UK Uni admission depends on reaching a certain amount of points. Tarriffs are awarded for GCSE's etc and other qualifications, incl Bacc- see link-http://www.ucas.com/how-it-all-works/explore-your-options/entry-requirements/tariff-tables

From the Tariff table you could also calculate how they rate BACC against GCSE's etc. I'd have thought Int schools would know this, but if not , you could present them with this.

Of course, having the required points does not guarantee entry to any Uni course, it merely indicates eligibility to be considered for a place. Strong Personal Statement and interview also plays a part, as does competetition for the available places.


----------



## Chopera

barneysmum said:


> All the schools we spoke to accepted subjects at ESO level. Most of them didn't seem that bothered about grades. Daughter now doing her A levels.
> 
> One thing I found out after speaking to Unis as well is that they give no preference to the Baccalaureate when it comes to uni stage.
> 
> It really wasn't worth the stress and worry. Your son will be fine.


Out of interest, how did your daughter find the transition from not only following the Spanish curriculum to following the UK curriculum, but also from being taught in Spanish to being taught in English?

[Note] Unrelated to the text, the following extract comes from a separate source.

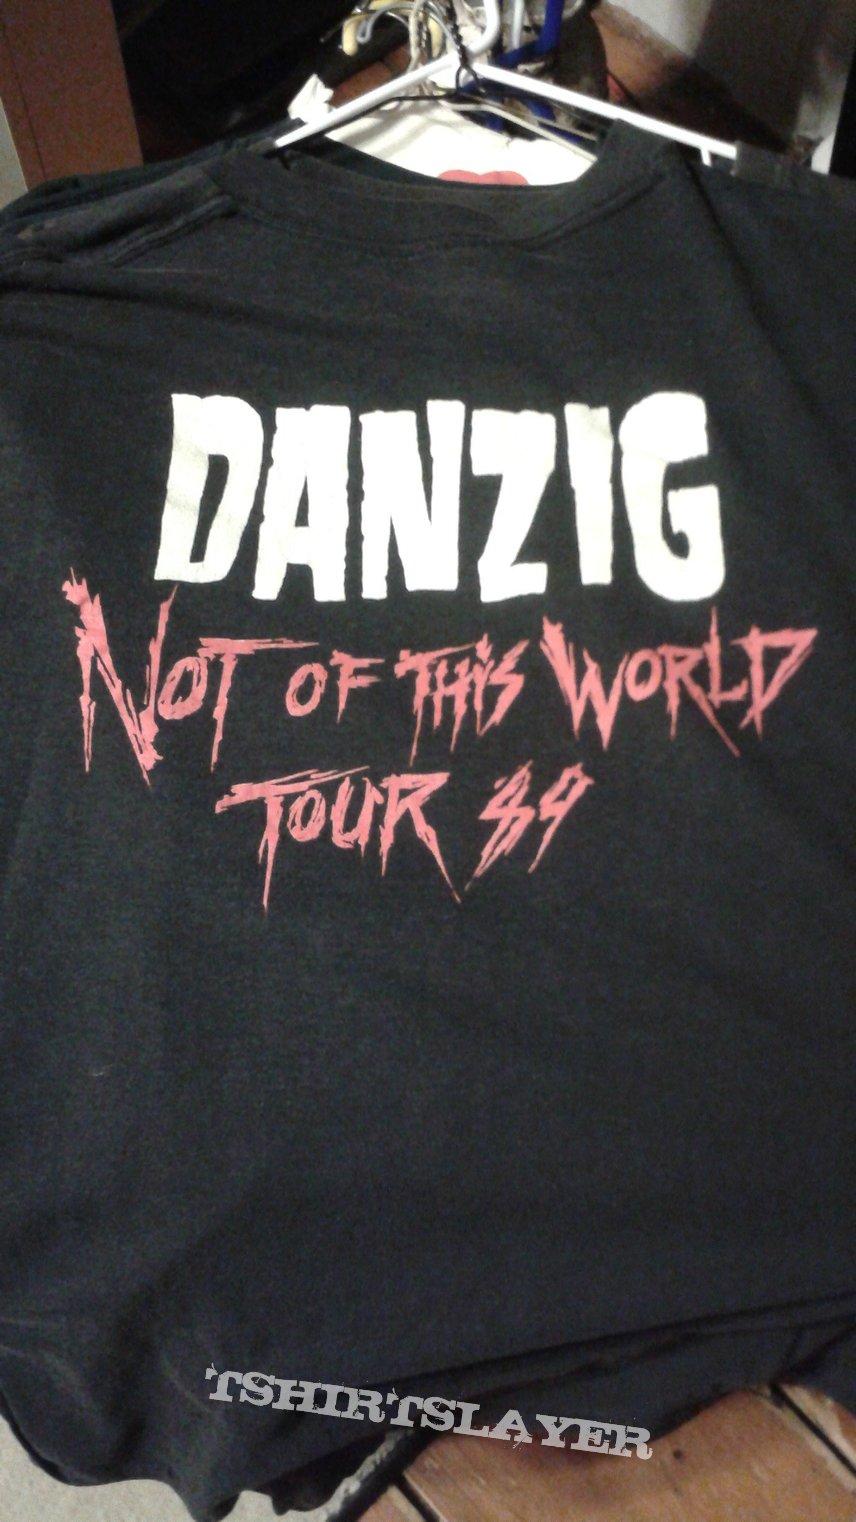 Danzig Not Of This World 1989 tour t-shirt.
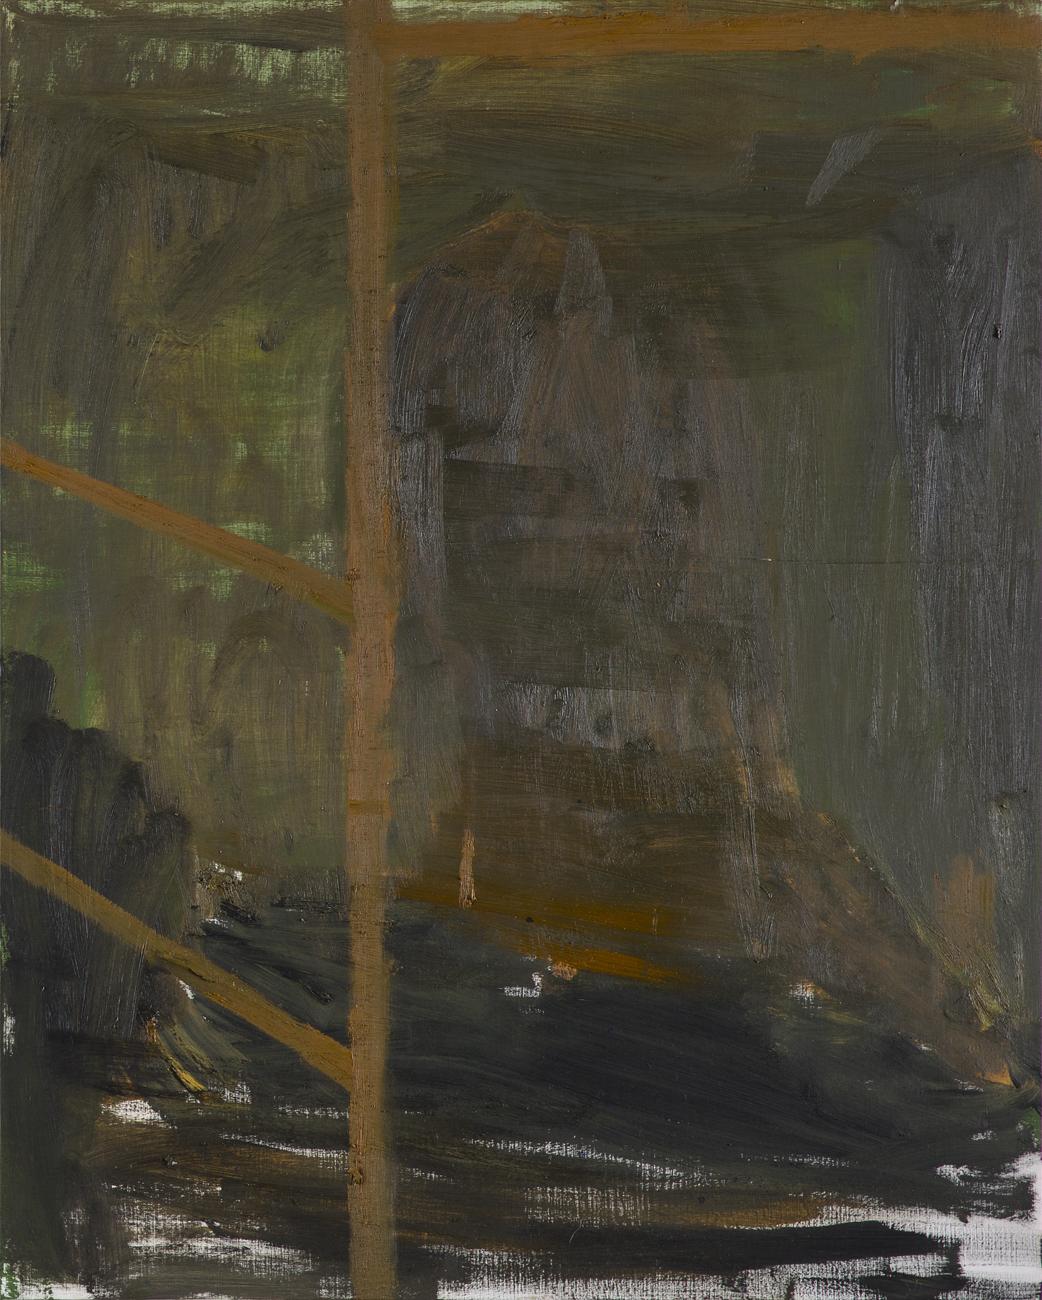 Andreas Eriksson  Skugga 2  2010 Oil on panel 75 x 60 cm

Even though my kids are many years from making those kind of decisions, at some point I may want them to switch to either the UK system or the IB, and ideally I'd like it to be after ESO.


----------



## JCLIF

*From ESO to Sixth Form?*

I too have my son in 3 ESO in Spain and wanted to know how easy/hard/sensible it might be to try to get him into Sixth Form in the UK to have a break from the Spanish system. IB or A levels. What grades would he need (nota)? He is likely to get a lot of different results, excellent in some, and only OK in others. I am really interested in Hockerill or Dalham to do the IB. He likes the boarding school idea. I would be very grateful for any hints.


----------